US economic SURPRISE INDEX (which is missing a lot of recent components) which Nomura views as one of the most important indicators in gauging the sustainability of the current market rally, improved to -3 yesterday (although it tipped back down to -6.90 after today's big miss in the UMich Sentiment) which more importantly was followed by a gradual increase in overall exposure to US equity markets by hedge funds.
See Chart:
Citi US Eco Surprise In dex


Indeed, this stacked waterfall effect of investors following other bullish investors into risk assets, which some call simply FOMO, is what Nomura defines as the "histeresis effect" on hedge fund behavior, and is as follows:
  1. Trend-followers' systemic buying pushes US stocks up
  2. Other hedge fund start to buy the market, chasing CTAs buying programs
  3. As buying pressure gets "overheated", upward momentum of the market becomes unstable
  4. US market sharply drops as such crowded long become rapidly liquidated.

This is shown schematically in the chart below:
See Chart:
CTA S&P500 futures position and oveall HFs’ exposure to US equity

What is surprising, according to the Japanese bank, is that a recovery in sentiment into positive territory (i.e., risk-seeking phase) "appears so close yet so far away." Specifically, unlike CTAs and other systematic funds, many US equity investors - especially macro hedge funds and risk parity funds - remain hesitant to impatiently begin following an equity market rally that is not sufficiently justified in the context of fundamentals.

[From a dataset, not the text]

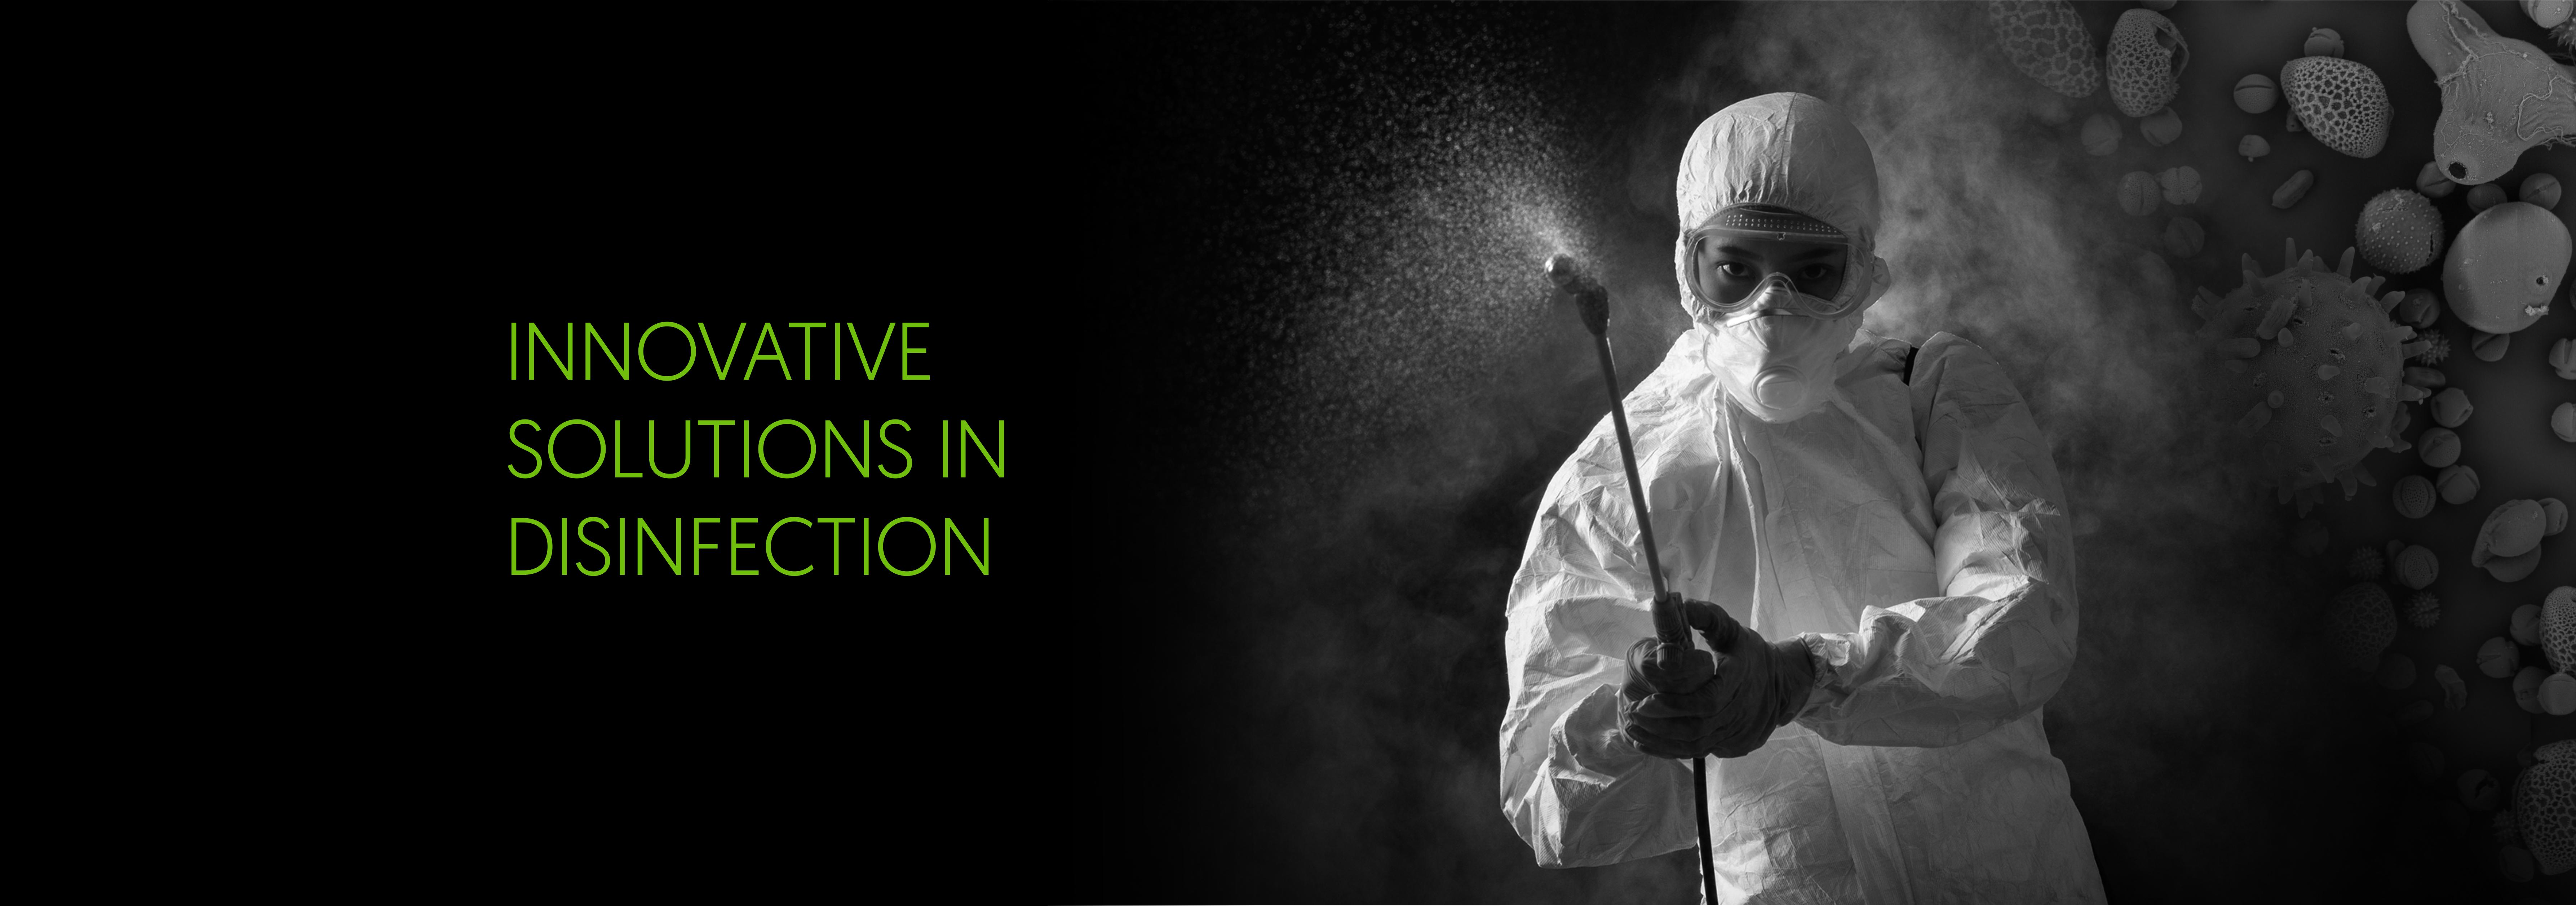 COVIX DISINFECTING MACHINES. OZONE GENERATOR FOGGING MACHINE

Going back to the "histeresis example", Takada  notes that we experienced a similar situation in which algo investors, mainly in trend-following programs, led the significant upturn of the market last January, March and September. What happened next is that other investors – including major hedge funds – rushed to jump in the stock market uptrend.. before subsequently experiencing sharp drops.

So going back to the question we asked in the headline, why do investors - or rather human investors - refuse to buy into this rally, the reason according to Nomura is that most investors – except algo players – now seem to be wary of the future “pitfalls” of such a machine-led stock rebound because of past experiences, are maintaining a conservative approach at present.

What this means, somewhat ironically, is that while everyone was blaming the algos for the December meltdown, even though nobody has "accused" the algos of creating the ongoing meltup, investors and traders know very well that the move higher is not organic, but is purely the result of systematic -algo and various other quant traders- forcibly buying as a result of key technical market levels being hit. Unfortunately for the few humans left trading stocks, this is not a buying signal, which likely means that just like in January of 2018 when retail investors finally capitulate and rushed into stocks just ahead of the February 2018 correction, so this time too it is likely that the algos will keep buying until everyone else jumps into the pool... at that  point the market will once again take the elevator down.

[[ in tramposos epoch whatever Econ move done by big billonaries affect small 'babosos' below ]]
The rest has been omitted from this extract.